Goodwin Sara, Gurtowski James, Ethe-Sayers Scott, Deshpande Panchajanya, Schatz Michael C, McCombie W Richard
Cold Spring Harbor Laboratory, Cold Spring Harbor, New York 11724, USA.
Genome Res. 2015 Nov;25(11):1750-6. doi: 10.1101/gr.191395.115. Epub 2015 Oct 7.
Monitoring the progress of DNA molecules through a membrane pore has been postulated as a method for sequencing DNA for several decades. Recently, a nanopore-based sequencing instrument, the Oxford Nanopore MinION, has become available, and we used this for sequencing the Saccharomyces cerevisiae genome.
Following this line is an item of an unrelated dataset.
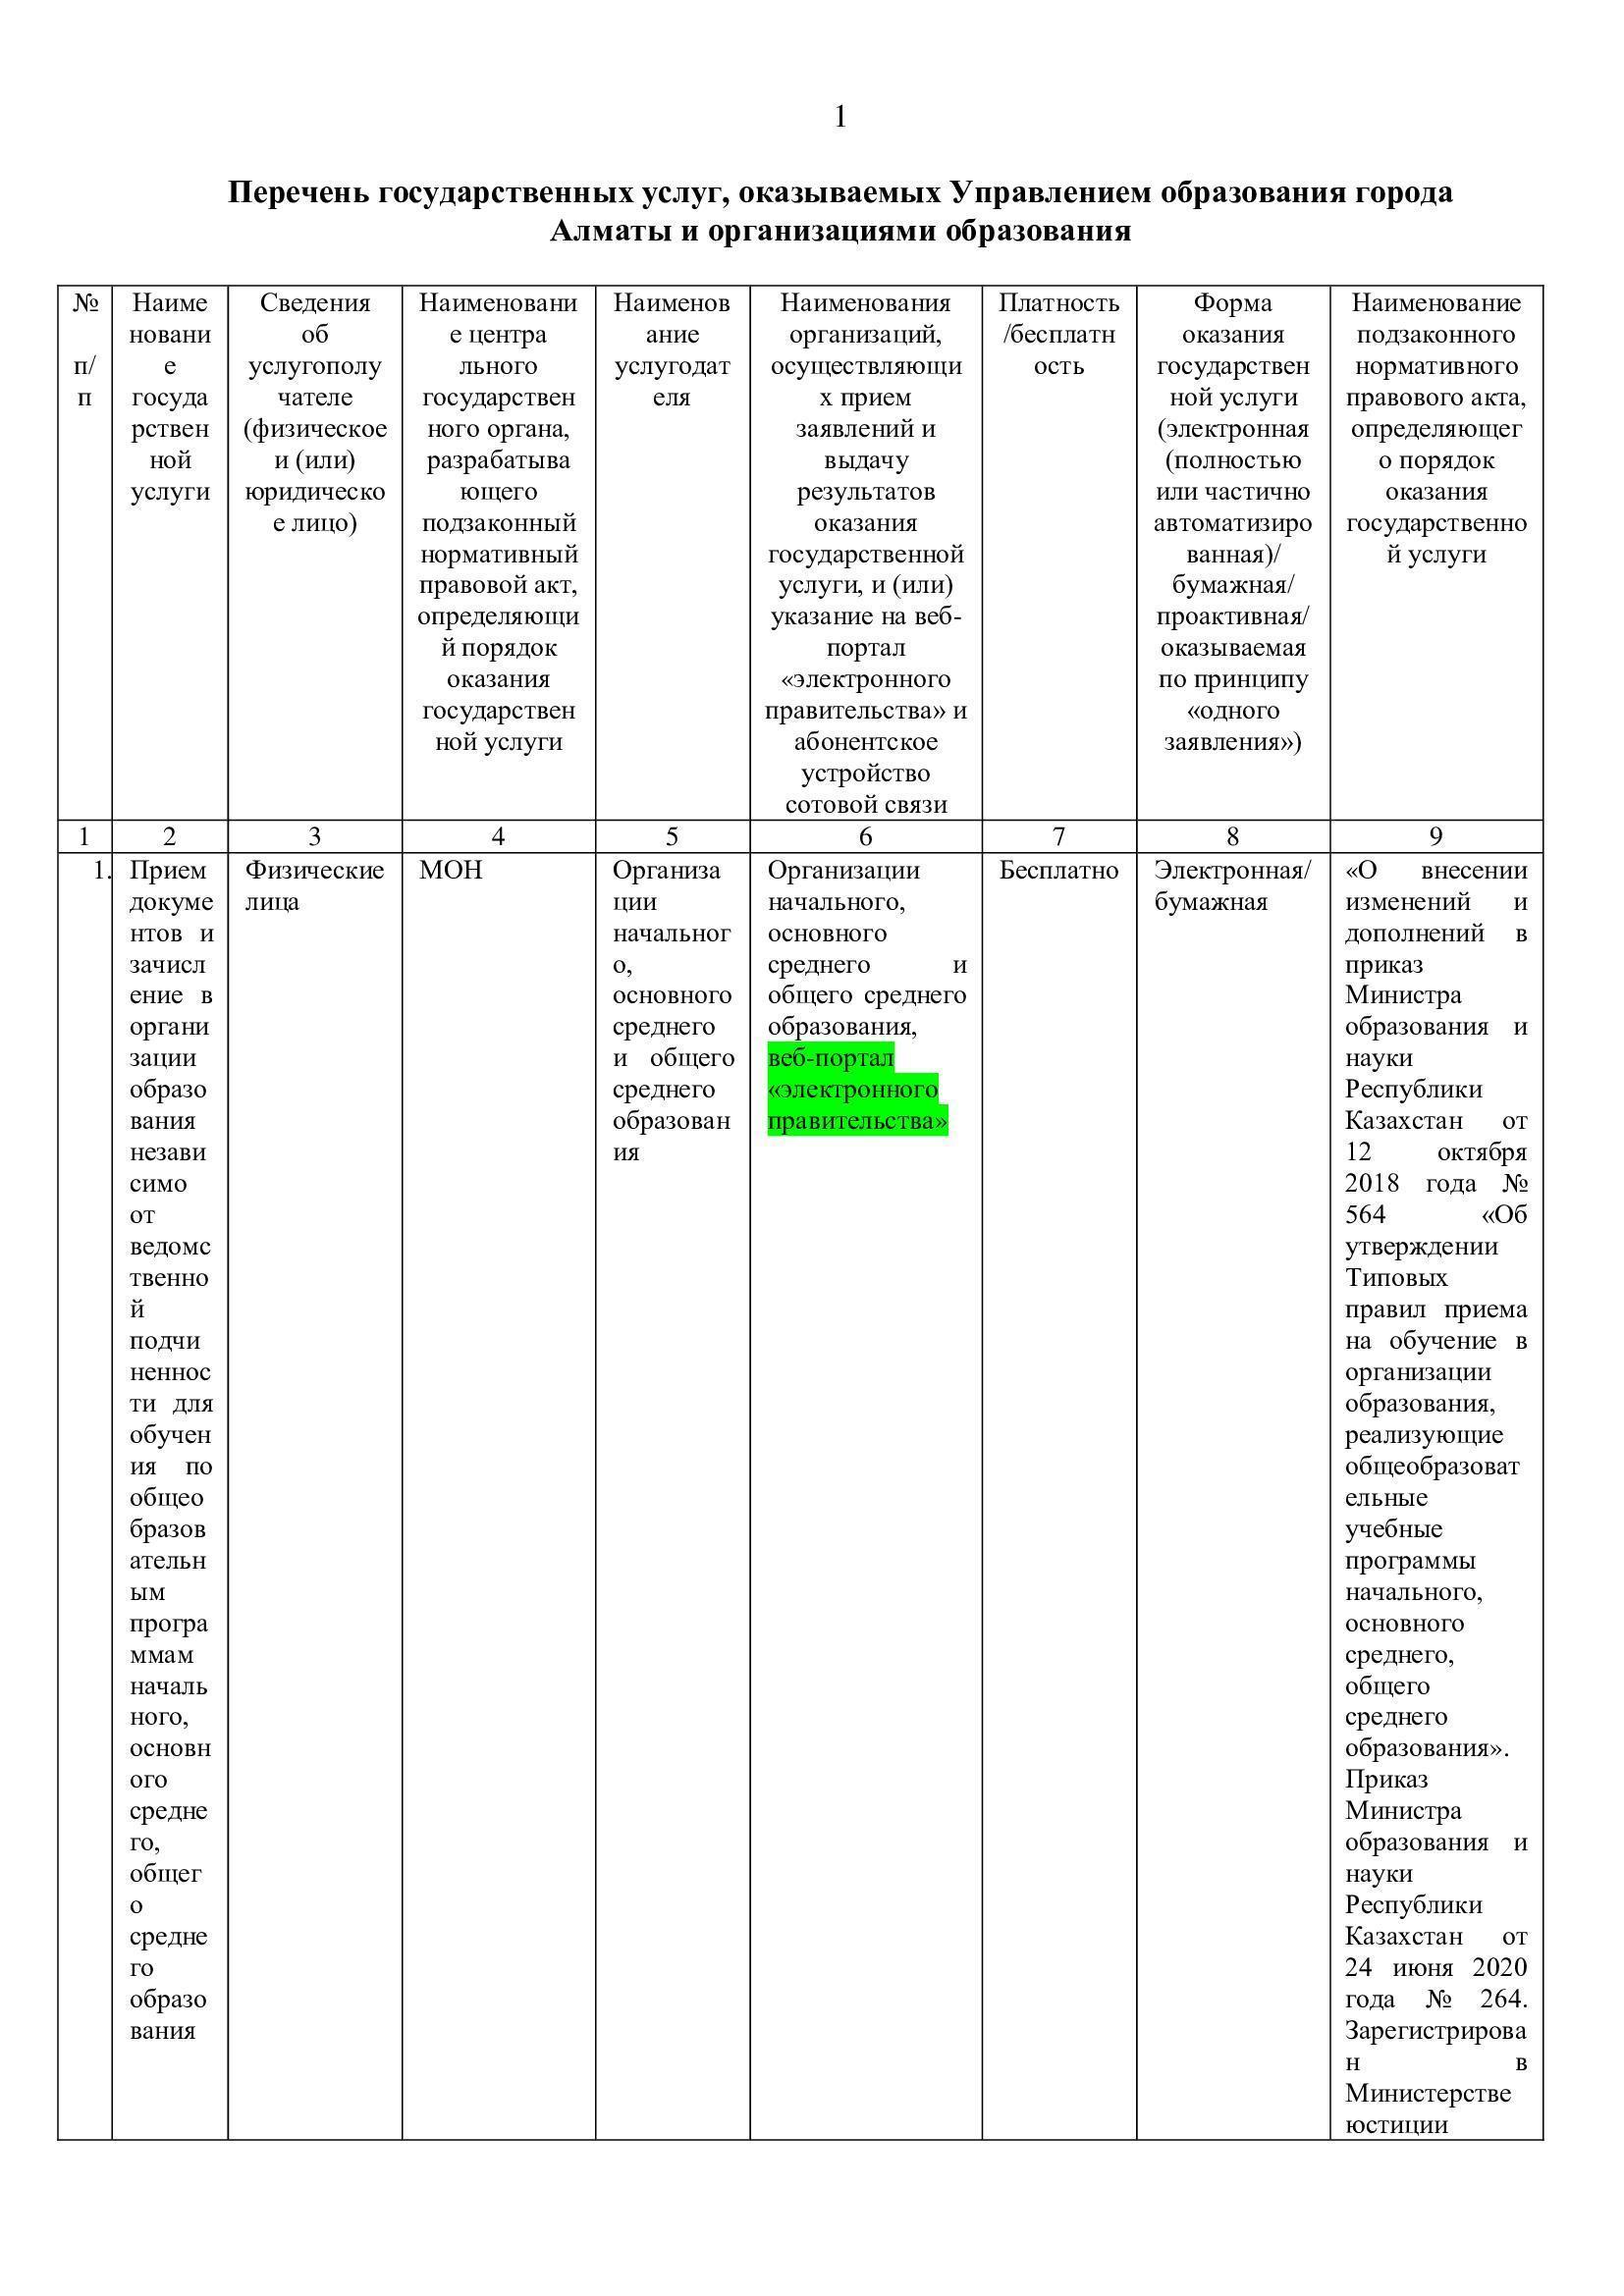 Перечень государственных услуг, оказываемых Управлением образования города Алматы и организациями образования
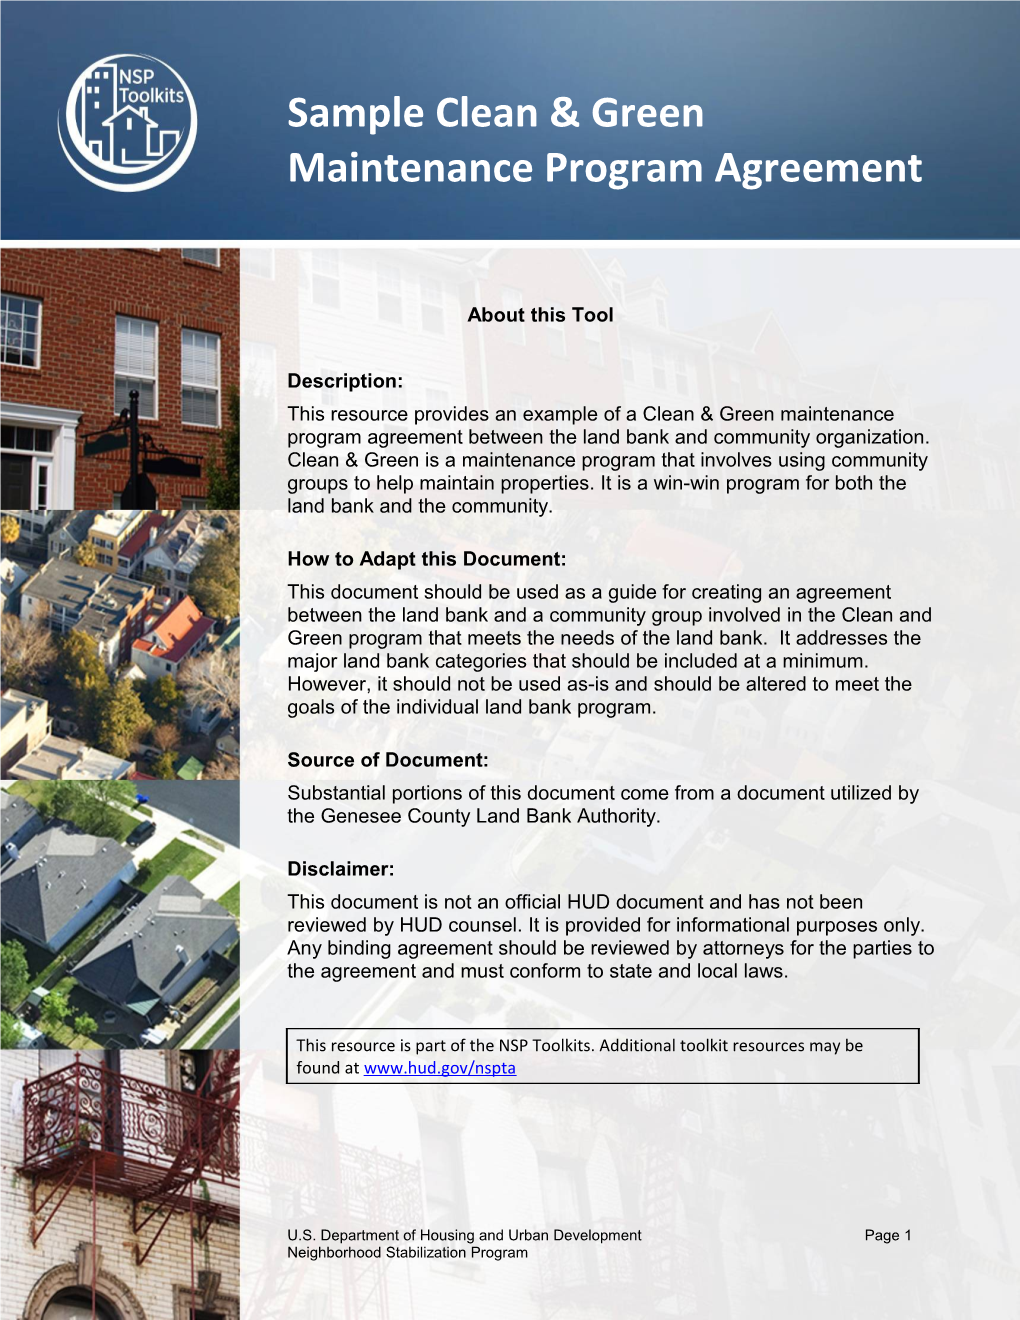 Clean & Green Maintenance Program Agreement

To make use of these data, we developed a novel open-source hybrid error correction algorithm Nanocorr specifically for Oxford Nanopore reads, because existing packages were incapable of assembling the long read lengths (5-50 kbp) at such high error rates (between ∼5% and 40% error). With this new method, we were able to perform a hybrid error correction of the nanopore reads using complementary MiSeq data and produce a de novo assembly that is highly contiguous and accurate: The contig N50 length is more than ten times greater than an Illumina-only assembly (678 kb versus 59.9 kbp) and has >99.88% consensus identity when compared to the reference. Furthermore, the assembly with the long nanopore reads presents a much more complete representation of the features of the genome and correctly assembles gene cassettes, rRNAs, transposable elements, and other genomic features that were almost entirely absent in the Illumina-only assembly.
几十年来,通过膜孔监测DNA分子的进展情况一直被认为是一种DNA测序方法。最近,一种基于纳米孔的测序仪器——牛津纳米孔MinION问世了,我们用它对酿酒酵母基因组进行测序。为了利用这些数据,我们专门为牛津纳米孔读数开发了一种新颖的开源混合纠错算法Nanocorr,因为现有的软件包无法在如此高的错误率(约5%至40%的错误率)下组装长读长(5-50 kbp)。有了这种新方法,我们能够使用互补的MiSeq数据对纳米孔读数进行混合纠错,并生成高度连续且准确的从头组装:重叠群N50长度比仅使用Illumina的组装长十多倍(678 kb对59.9 kbp),与参考序列相比,共有一致性身份>99.88%。此外,使用长纳米孔读数进行的组装更完整地呈现了基因组的特征,并正确组装了基因盒、rRNA、转座元件和其他在仅使用Illumina的组装中几乎完全缺失的基因组特征。